***** DATASET EXTRACT

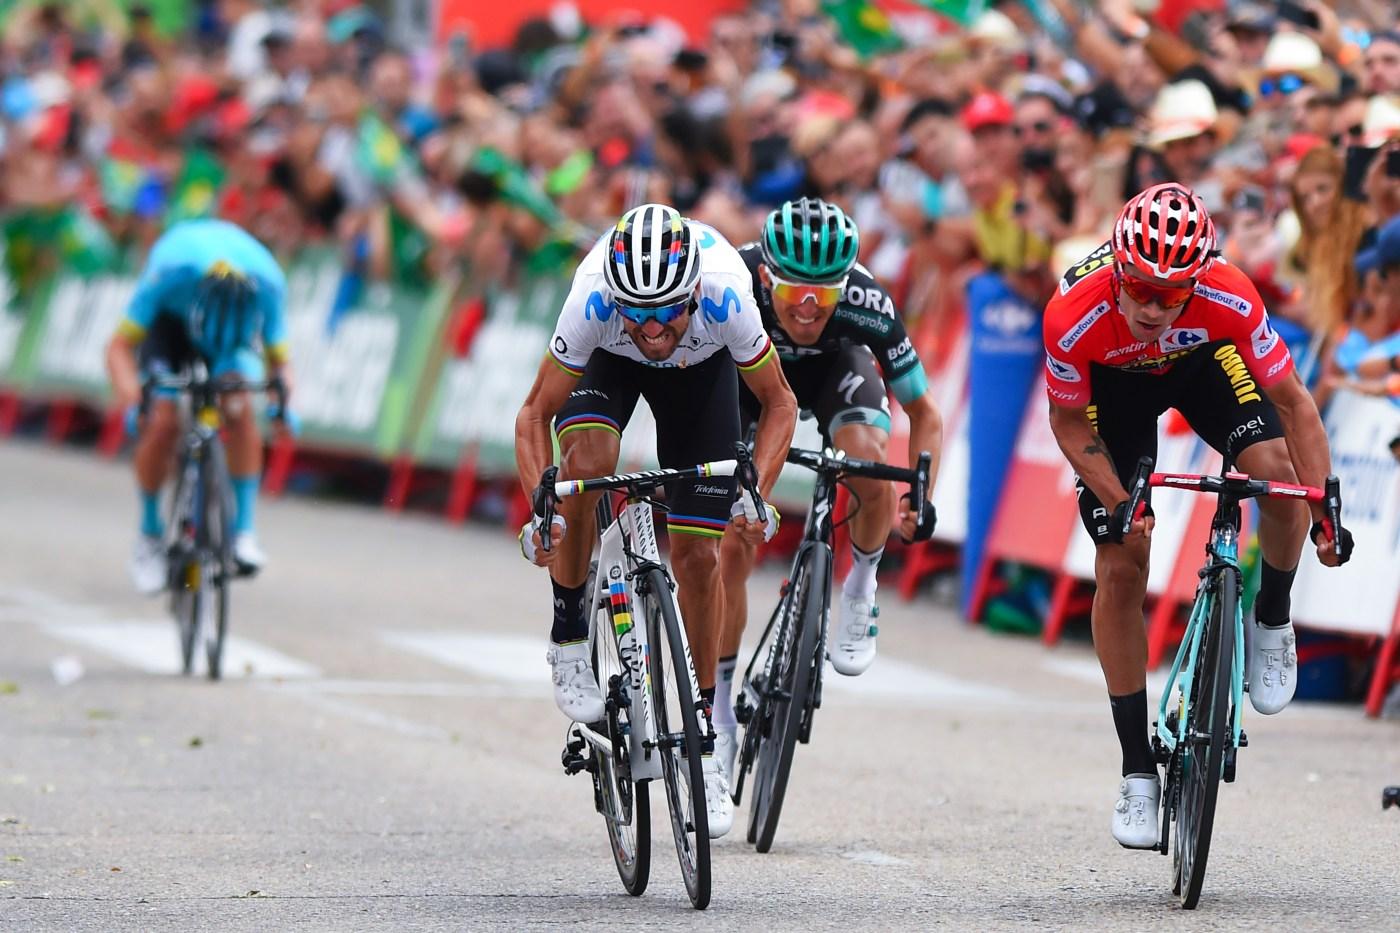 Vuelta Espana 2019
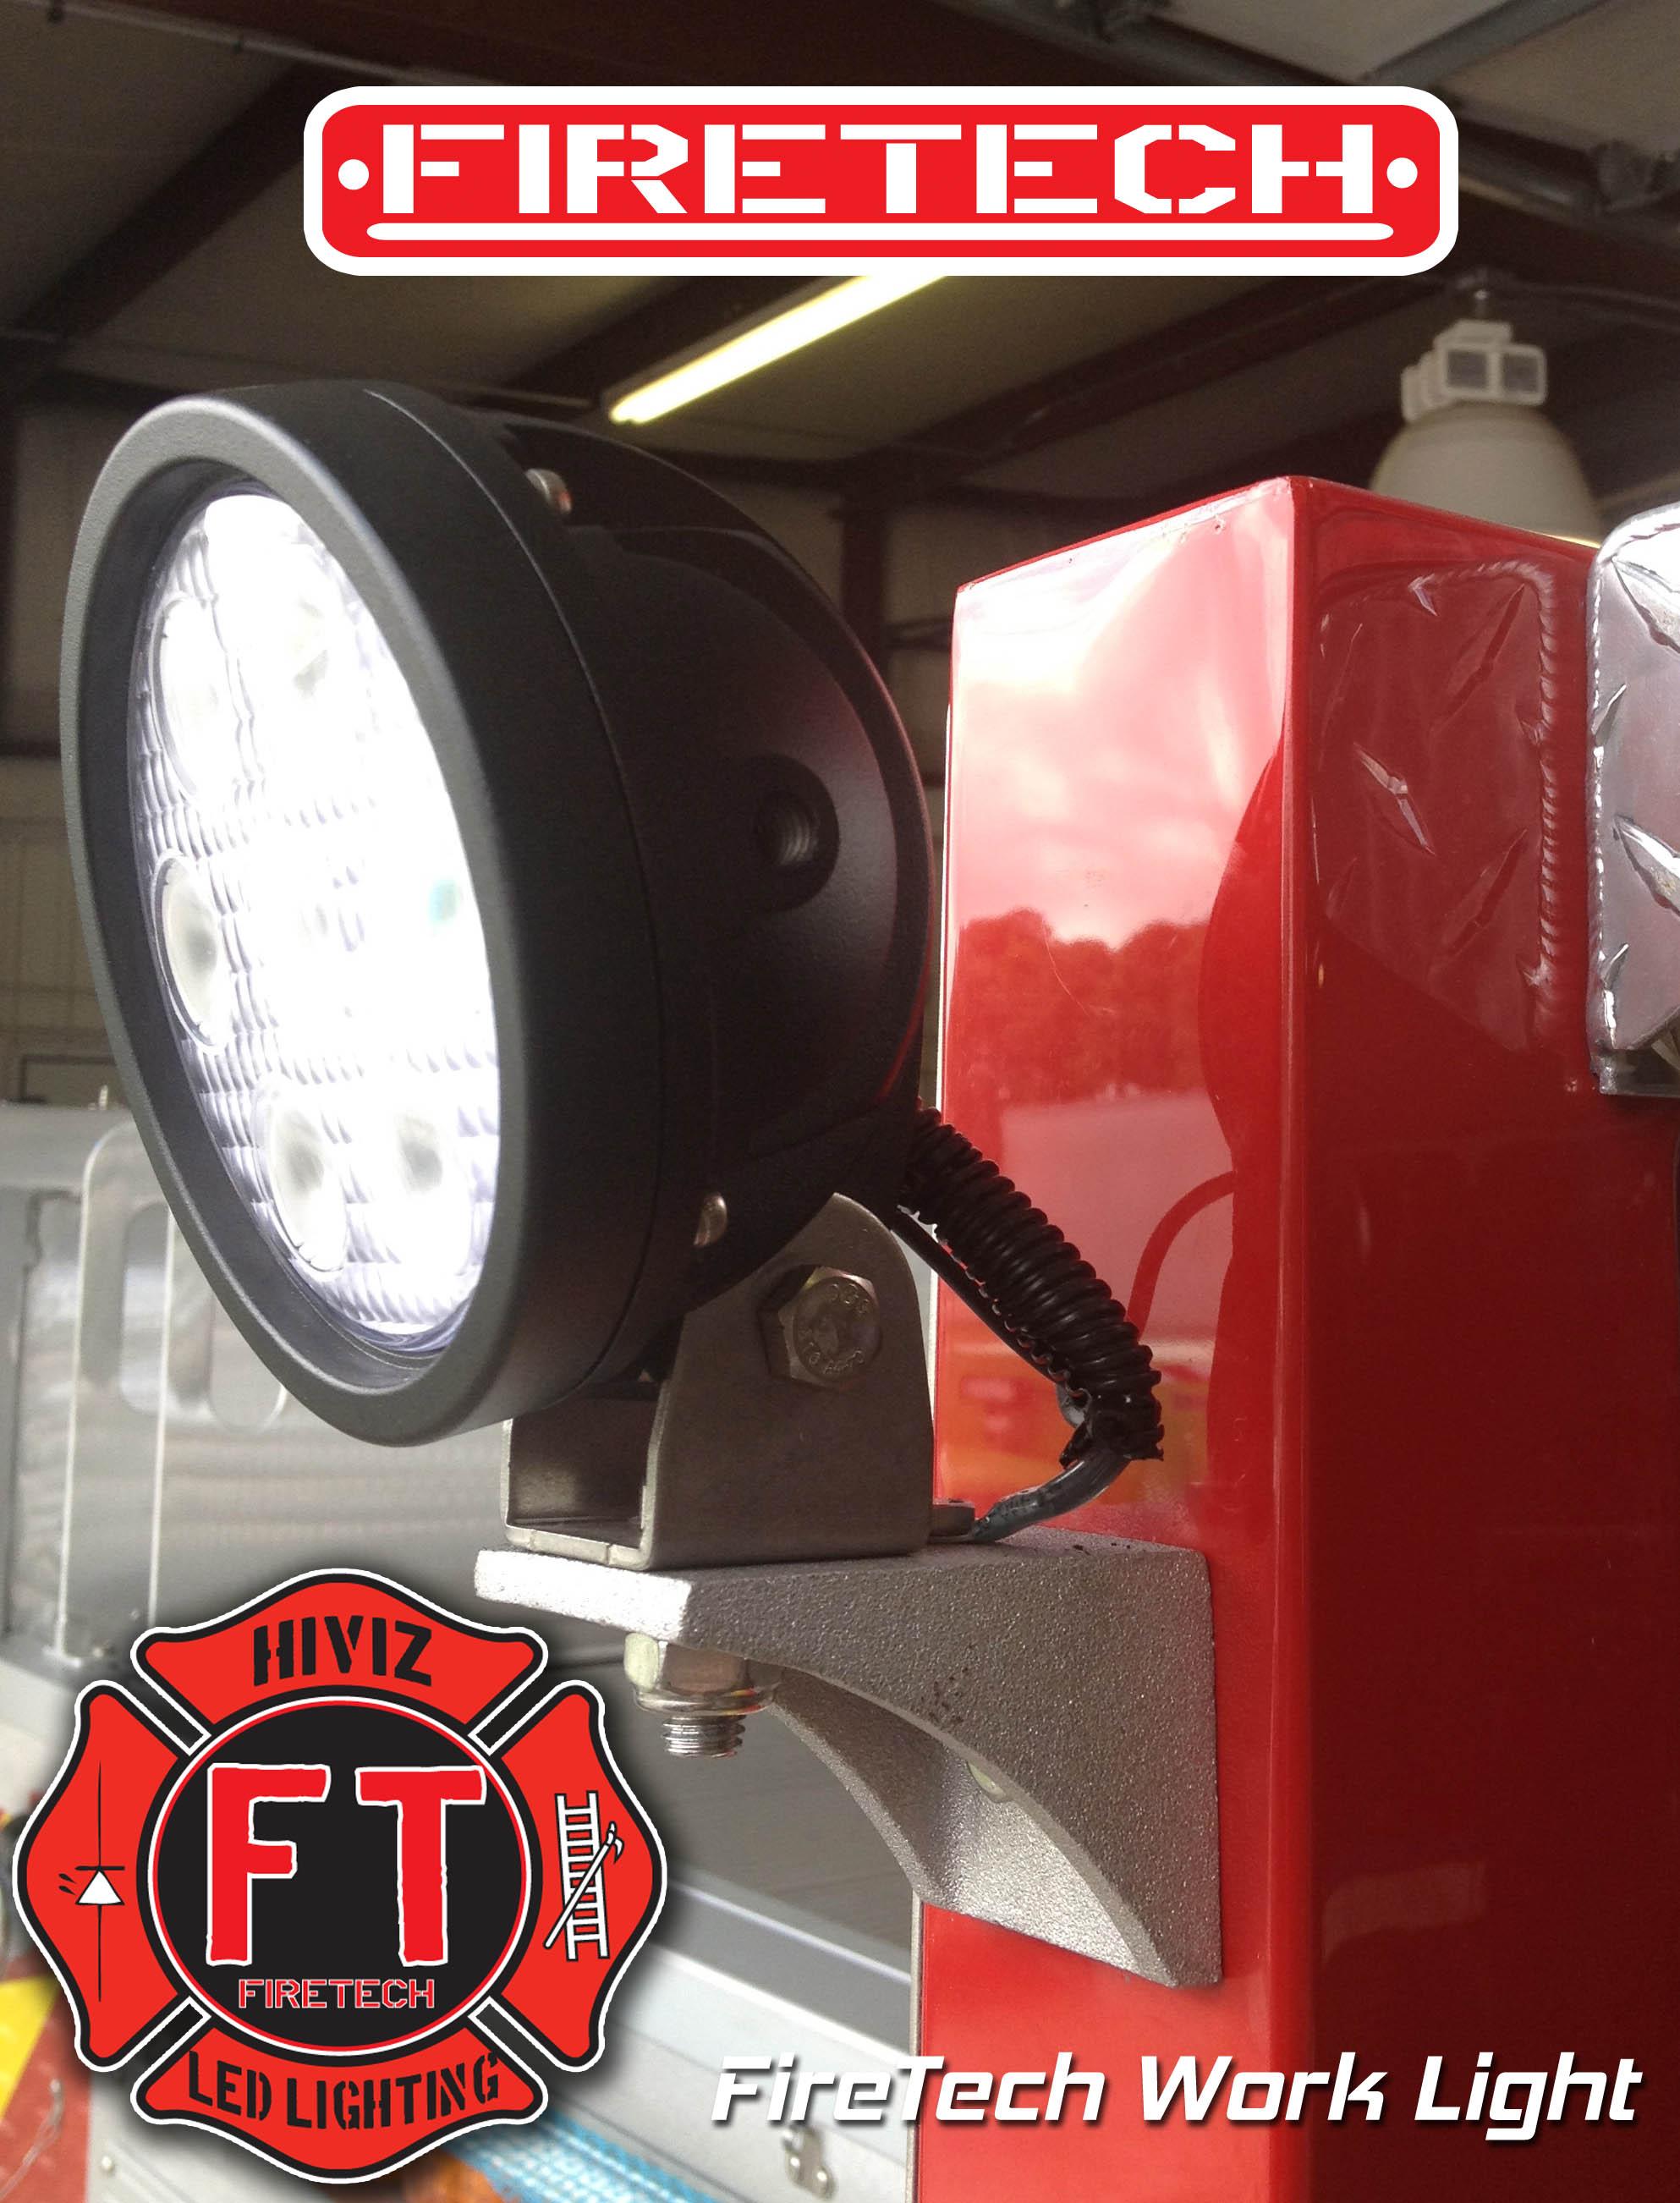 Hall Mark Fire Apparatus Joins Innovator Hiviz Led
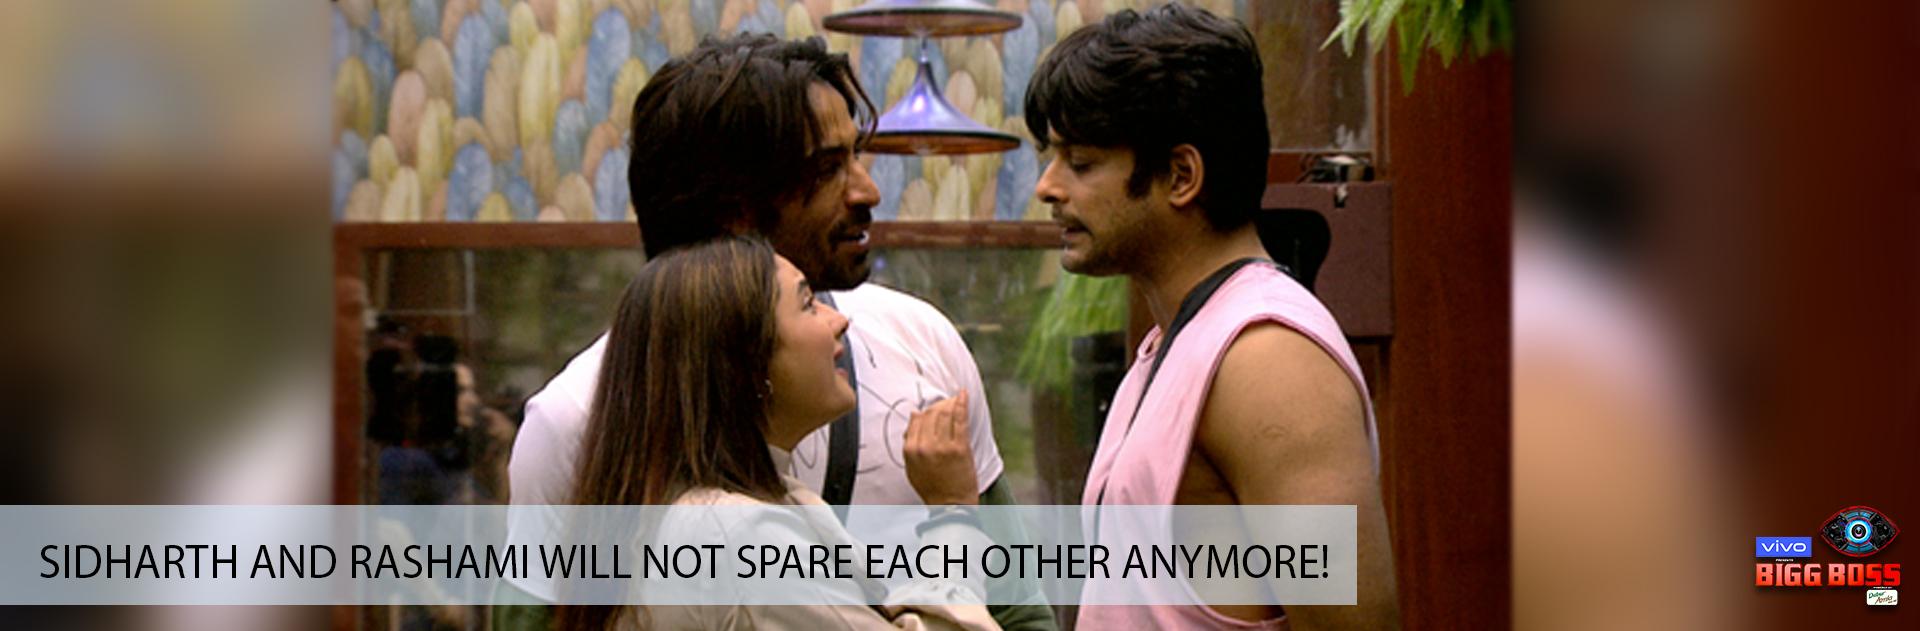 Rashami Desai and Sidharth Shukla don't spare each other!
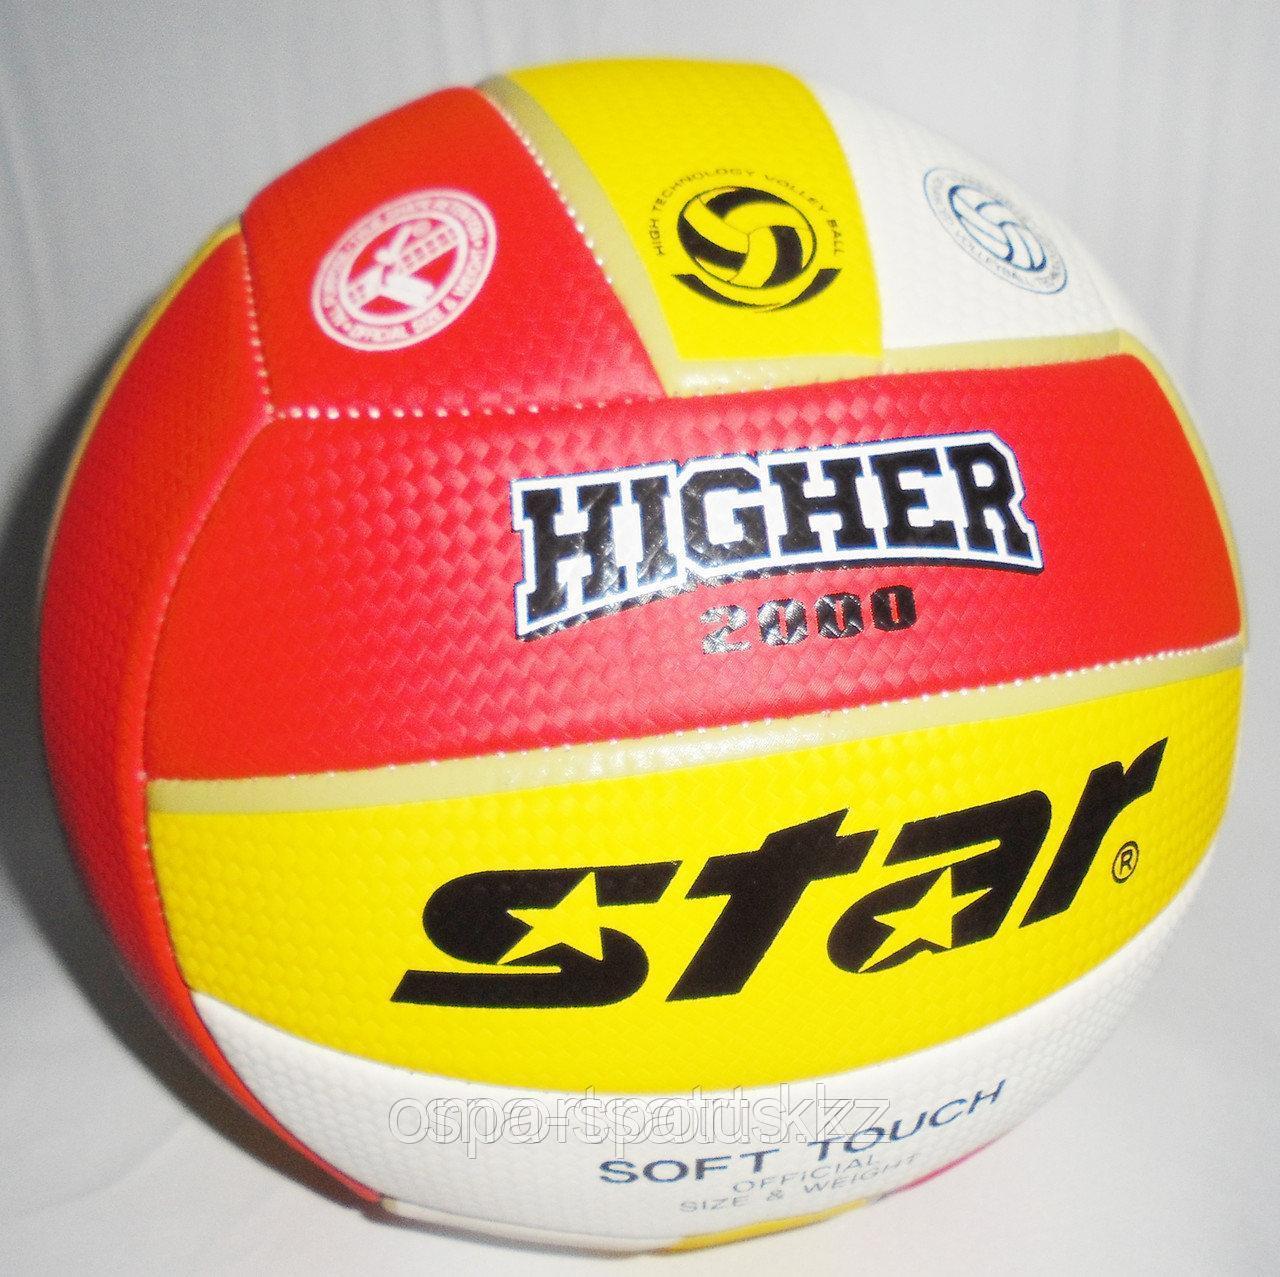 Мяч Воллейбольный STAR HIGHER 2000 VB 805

**********

**WHAT THE TASK REQUIRES:** Restate each line of the material word for word, skipping any picture.

**RESULT:**
 Vuelta Espana 2019
 Hall Mark Fire Apparatus Joins Innovator Hiviz Led
 Rashami Desai and Sidharth Shukla don't spare each other!
 Мяч Воллейбольный STAR HIGHER 2000 VB 805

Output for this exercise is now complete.